Instructions to follow
Output the lines of the listing below exactly, starting at the line containing "Dear Santa Letter" and stopping after the last line, with any pictures dropped.

Collected data
□ □ □ □

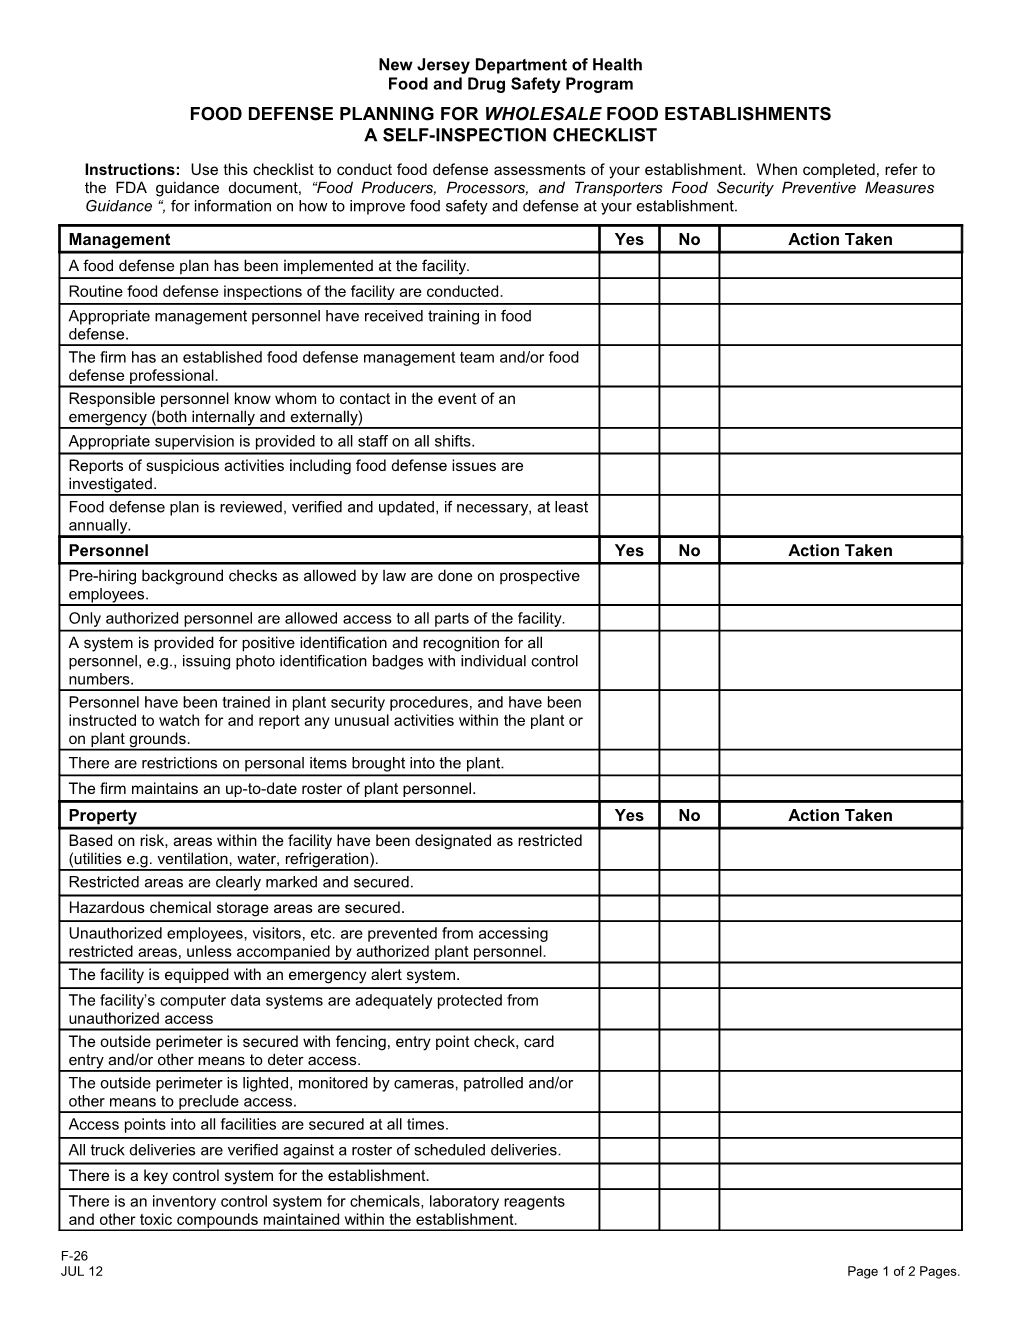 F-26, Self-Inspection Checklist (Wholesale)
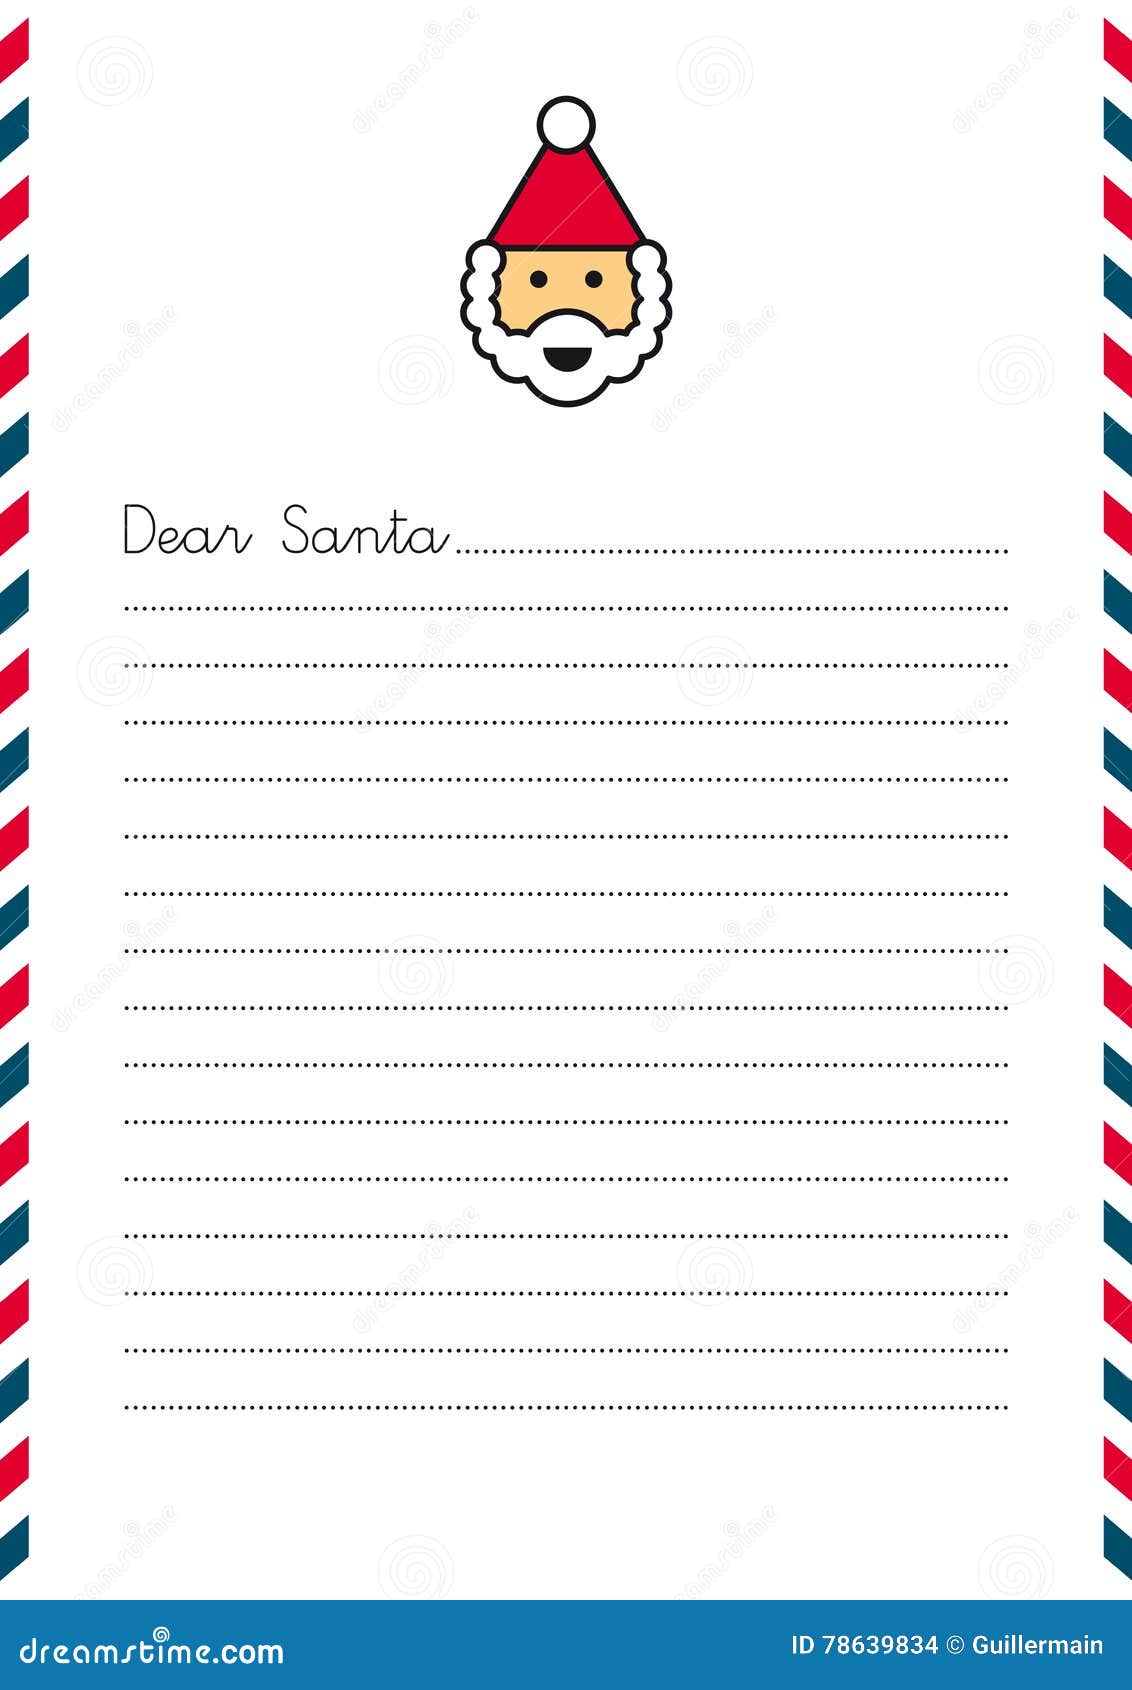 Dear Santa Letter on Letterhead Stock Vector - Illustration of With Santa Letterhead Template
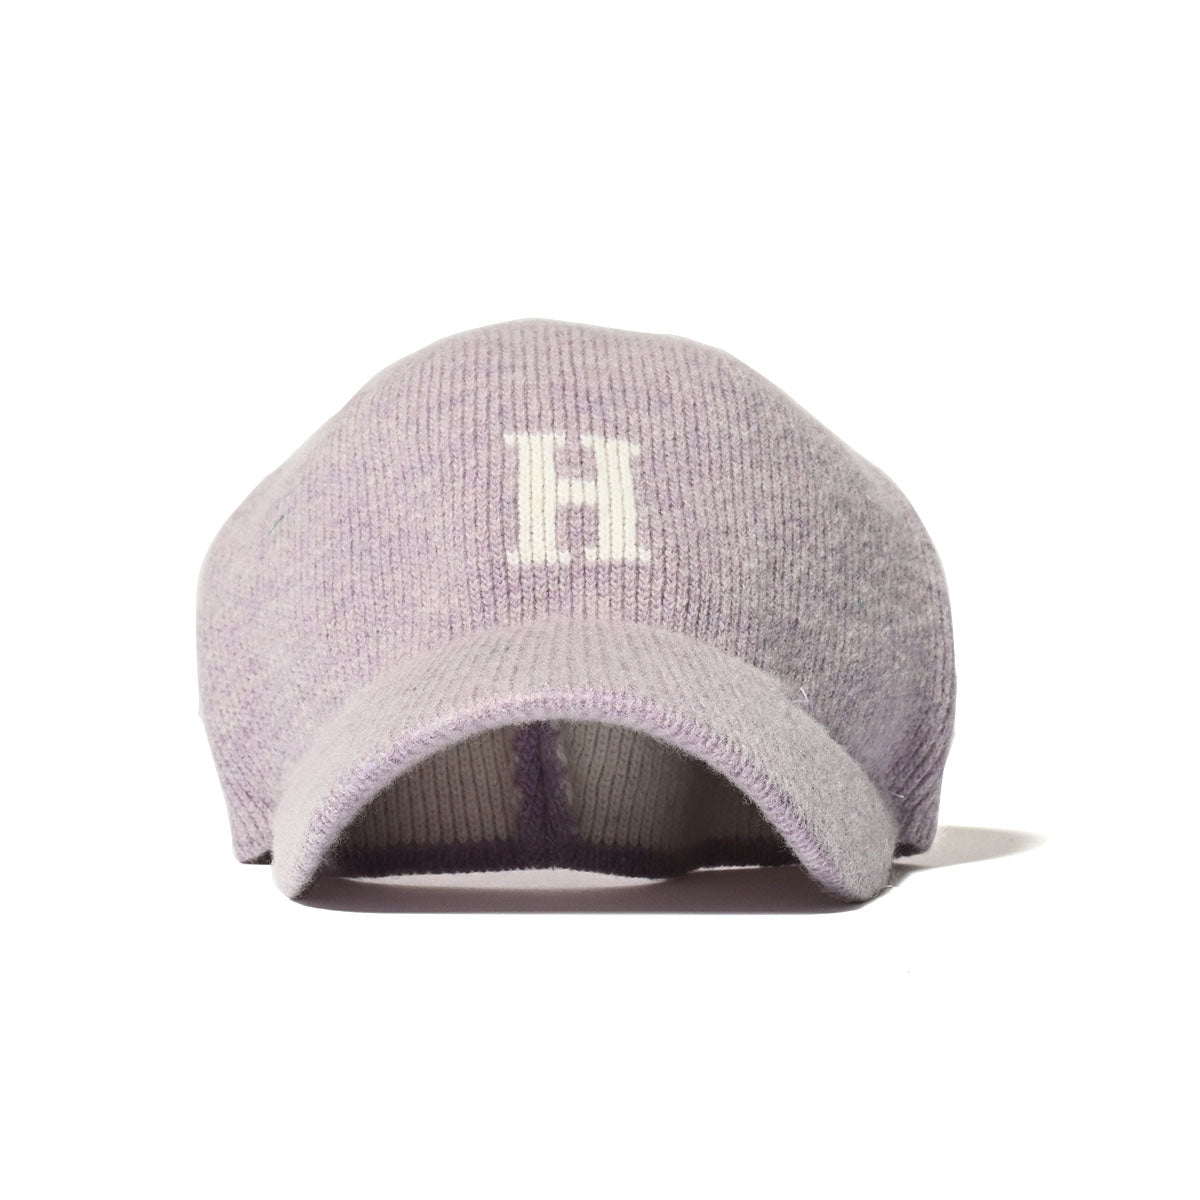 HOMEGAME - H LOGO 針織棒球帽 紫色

□ □ □ □

Problem solution
 Dear Santa Letter on Letterhead Stock Vector - Illustration of With Santa Letterhead Template
 HOMEGAME - H LOGO 針織棒球帽 紫色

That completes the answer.